(DATA):

BEGIN

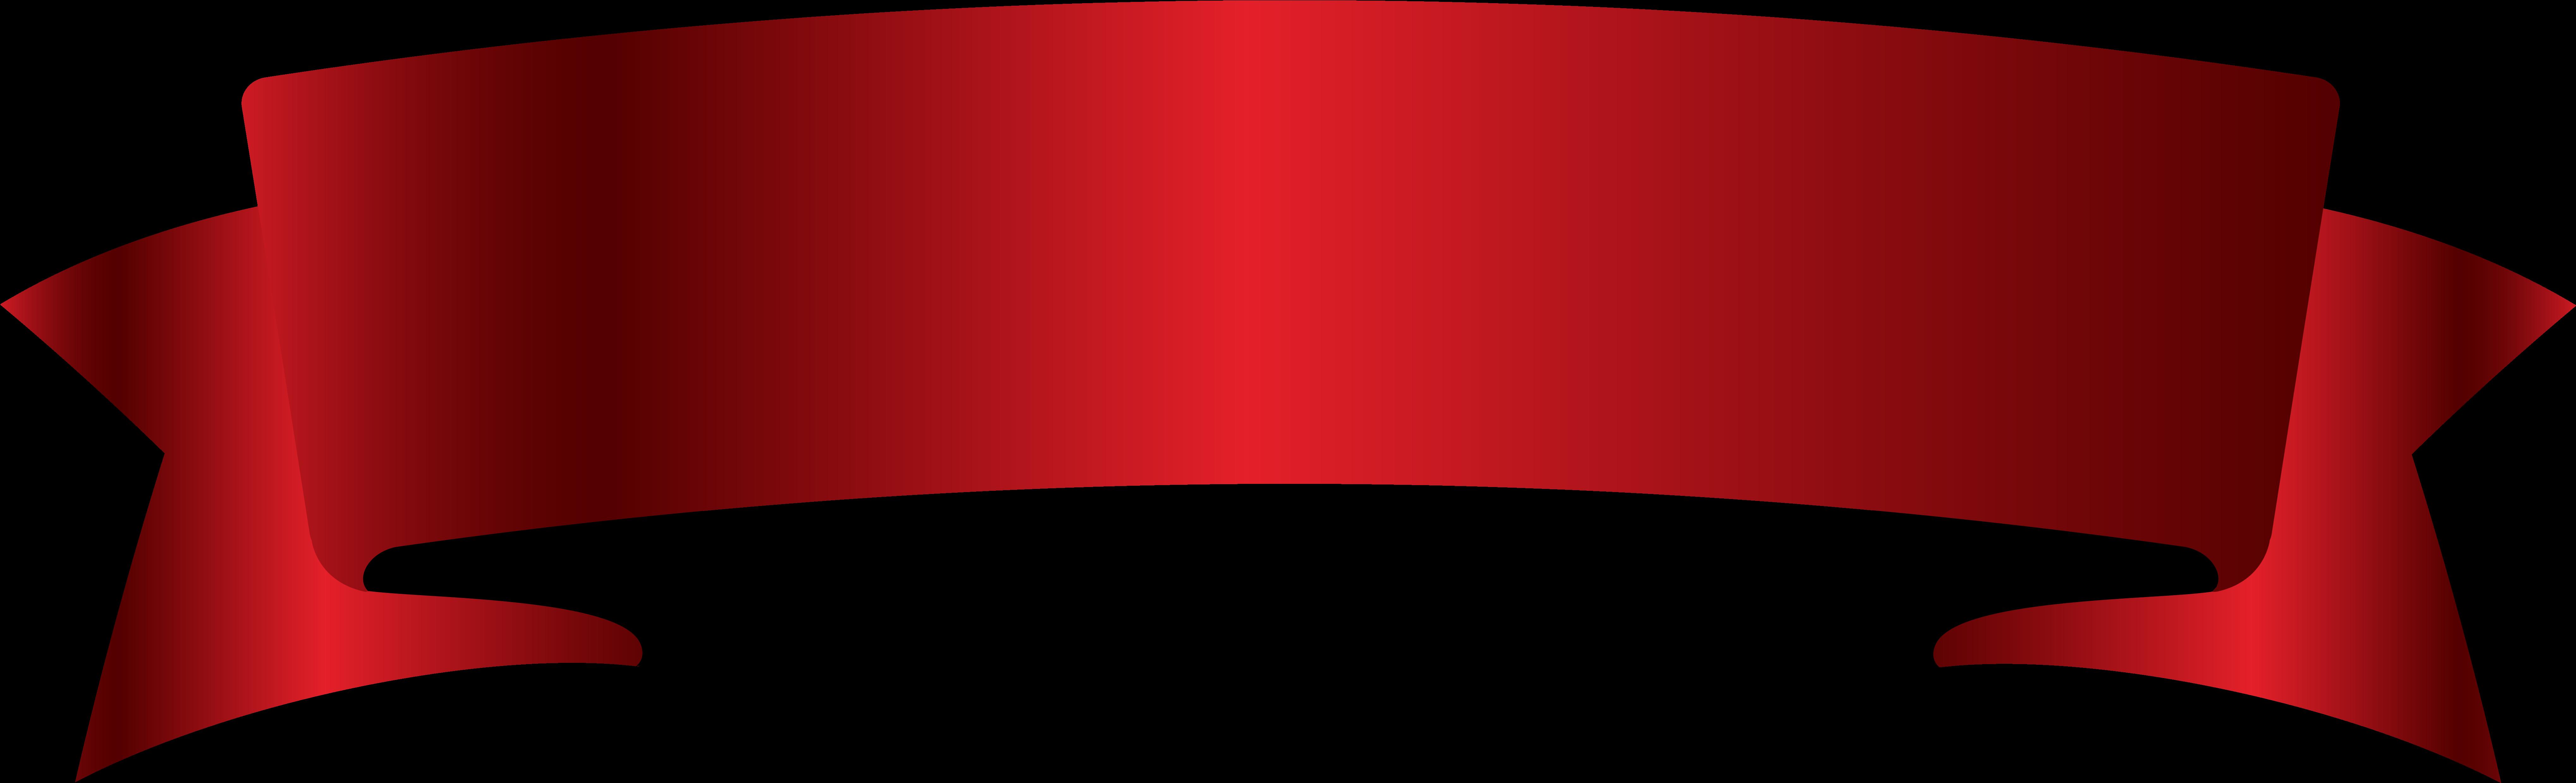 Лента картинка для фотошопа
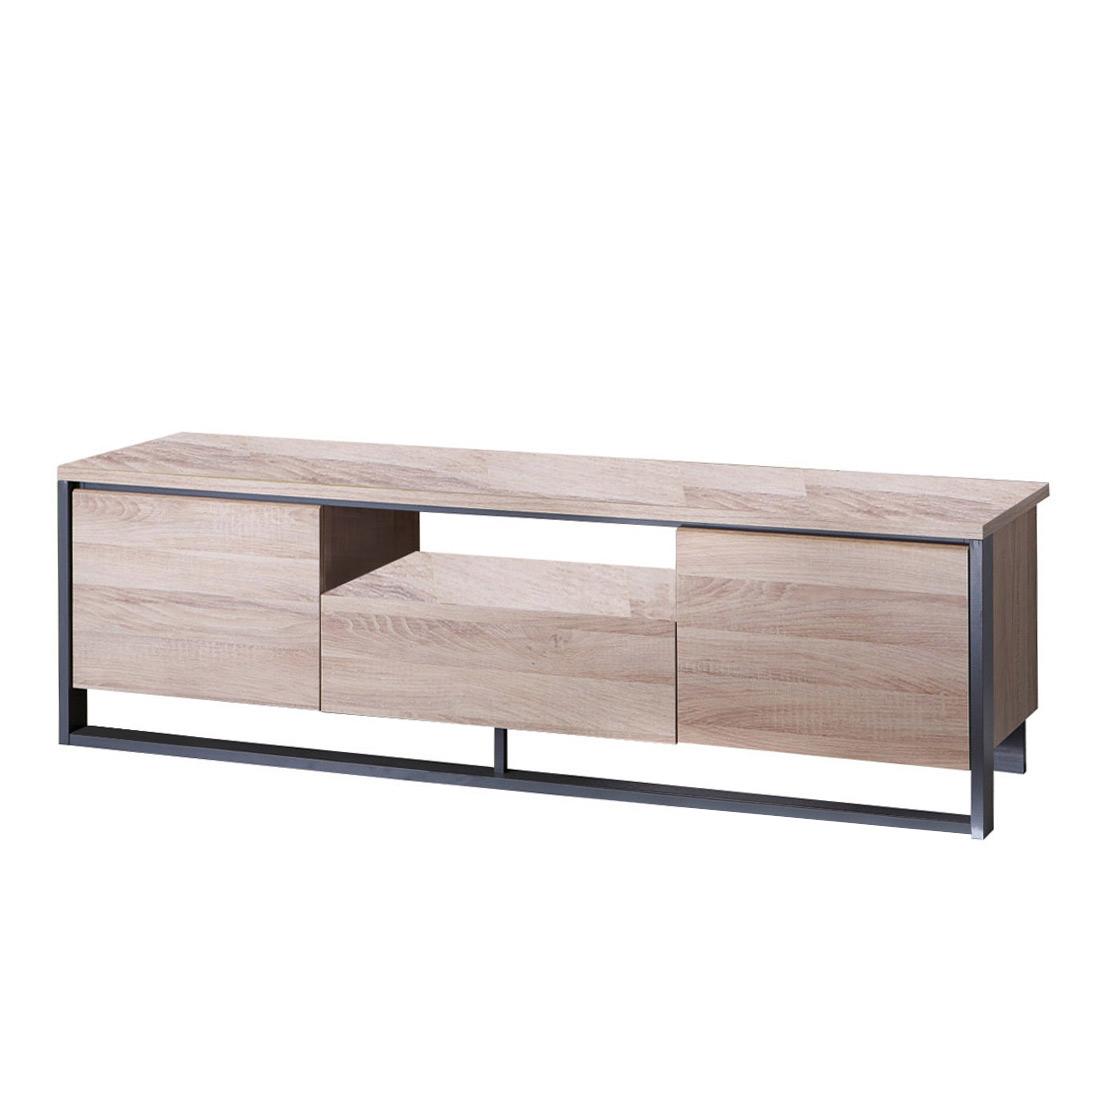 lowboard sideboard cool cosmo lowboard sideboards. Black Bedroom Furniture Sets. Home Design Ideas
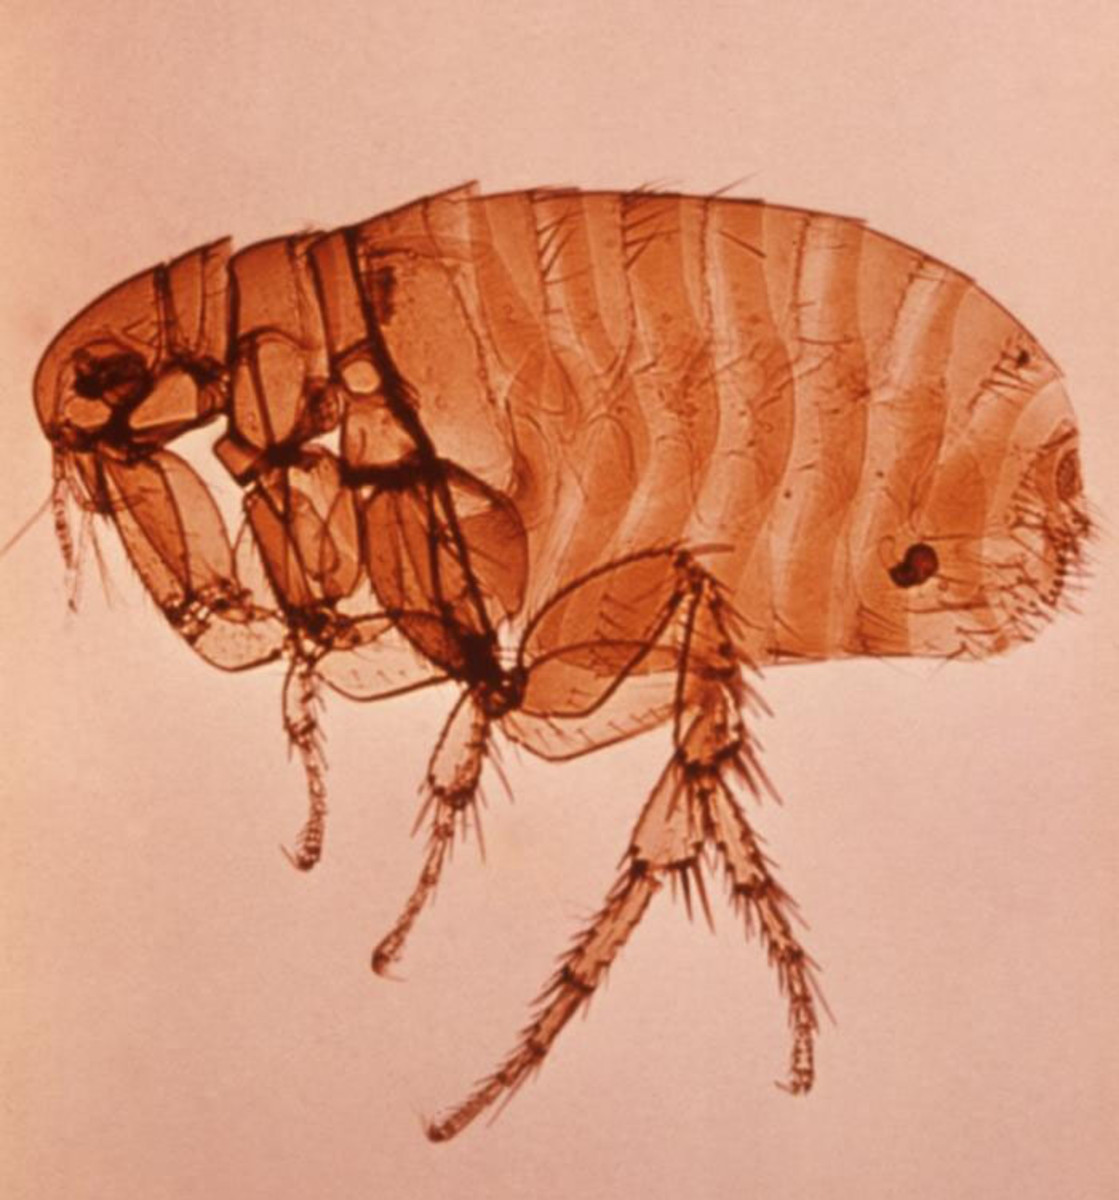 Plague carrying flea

END

(PROMPT): Repeat the data exactly as given. Keep every picture out of the copy.

(ANSWER BOX):
 Лента картинка для фотошопа
 lowboard sideboard cool cosmo lowboard sideboards. Black Bedroom Furniture Sets. Home Design Ideas
 Plague carrying flea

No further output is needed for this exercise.